|More than 28,000 people have died in drug-related violence since war was declared on the cartels in 2006 [AFP]|
The US does not believe that Mexico’s military is capable of winning the country’s violent drug war, classified memos released by WikiLeaks have revealed.
US diplomats drew a highly critical picture of the country’s armed forces, which were described as bureaucratic and unfit to take on “sophisticated” drug trafficking organisations (DTOs), in cables published on Thursday.
The diplomatic memos paint a picture of an embattled Mexican government, nervous about losing whole areas of the country to the drug cartels.
The leaked material also shows Mexican officials petitioned the US government to assist in focusing the crackdown on the country’s most violent cities.

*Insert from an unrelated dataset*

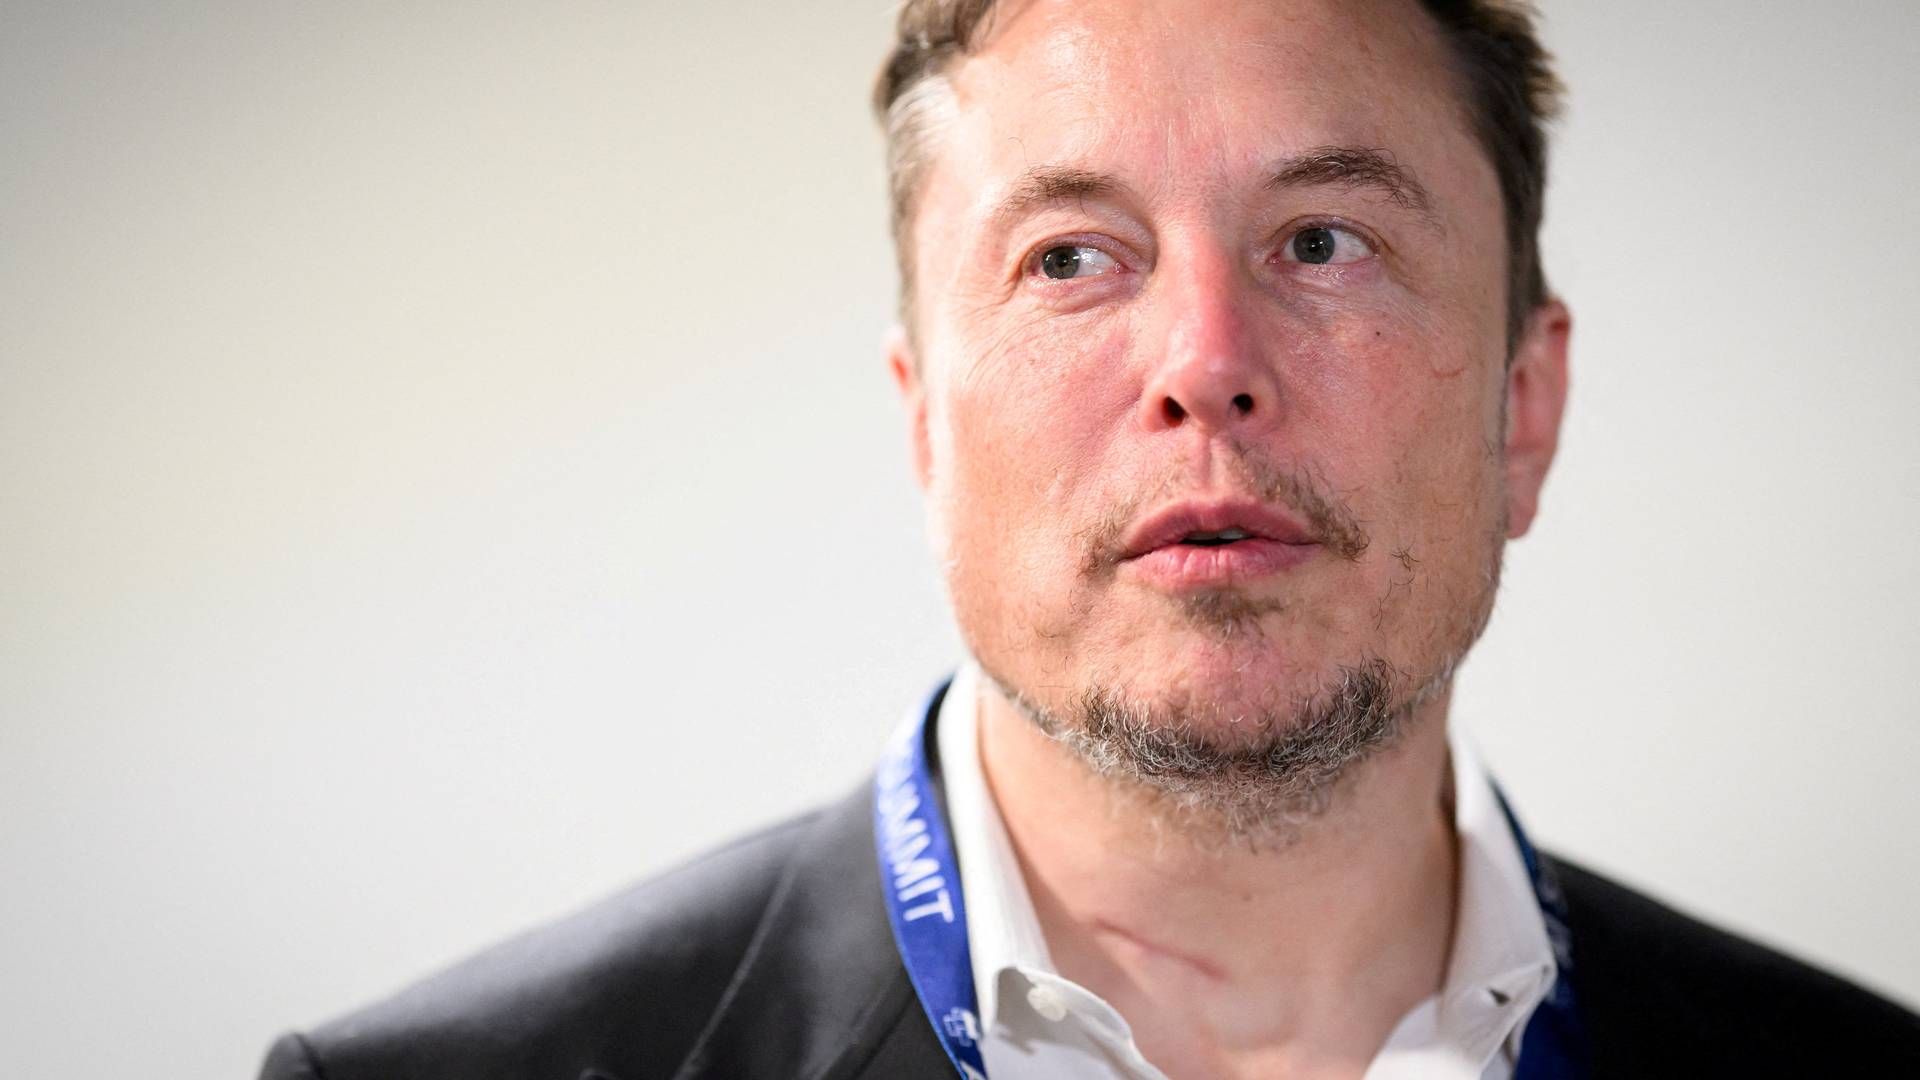 Ifølge nyhedsbureauet Reuters sagsøger Elon Musk ngo’en for bagvaskelse, efter der er bragt en række kritiske historier, der har fået annoncører til at trække sig fra platformen. | Foto: Leon Neal/Pool via REUTERS/Ritzau Scanpix

“The military was not trained to patrol the streets or carry out law enforcement operations,” said one memo referring to the failure of military-led operations to reduce violence in the country’s most deadly city of Ciudad Juarez.
“It does not have the authority to collect and introduce evidence into the judicial system.
“The result: arrests skyrocketed, prosecutions remained flat, and both the military and public have become increasingly frustrated.”
Federal police took over control in Juarez in January.
The leaks showed the Mexican military was also perceived “to be seen slow and risk-averse even where it should succeed”.
The perceived picture in the US of Mexico’s military contrasted with its views of the country’s drug gangs, which Mexican officials blame for more than 28,000 deaths in the past four years as violence has erupted across the country.
“The DTOs are sophisticated players: they can wait out a military deployment; they have an almost unlimited human resource pool to draw from in the marginalised neighborhoods,” said the comments in a cable to Washington earlier this year.
Felipe Calderon, the Mexican president, has gambled his presidency on a high-profile military crackdown on the drug gangs, involving about 50,000 troops and launched when he took office four years ago, following disputed elections.
The cables’ assessments contrasted with Calderon’s insistence that as a US ally, Mexico is gaining ground over the drug gangs.
“Prosecution rates for organised crime-related offenses are dismal; two percent of those detained are brought to trial,” a US cable read, only a day after Calderon lauded the record number of drug lords arrested under his administration.
“Mexican security institutions are often locked in a zero-sum competition in which one agency’s success is viewed as another’s failure,” the cable added.
The cable, however, praised Mexico’s navy – who killed Arturo Beltran Leyva, a drug lord, in December, 2009, in the government’s biggest victory yet against the cartels – as a sharper force than the army.
But it warned of “considerable tension” between the two forces.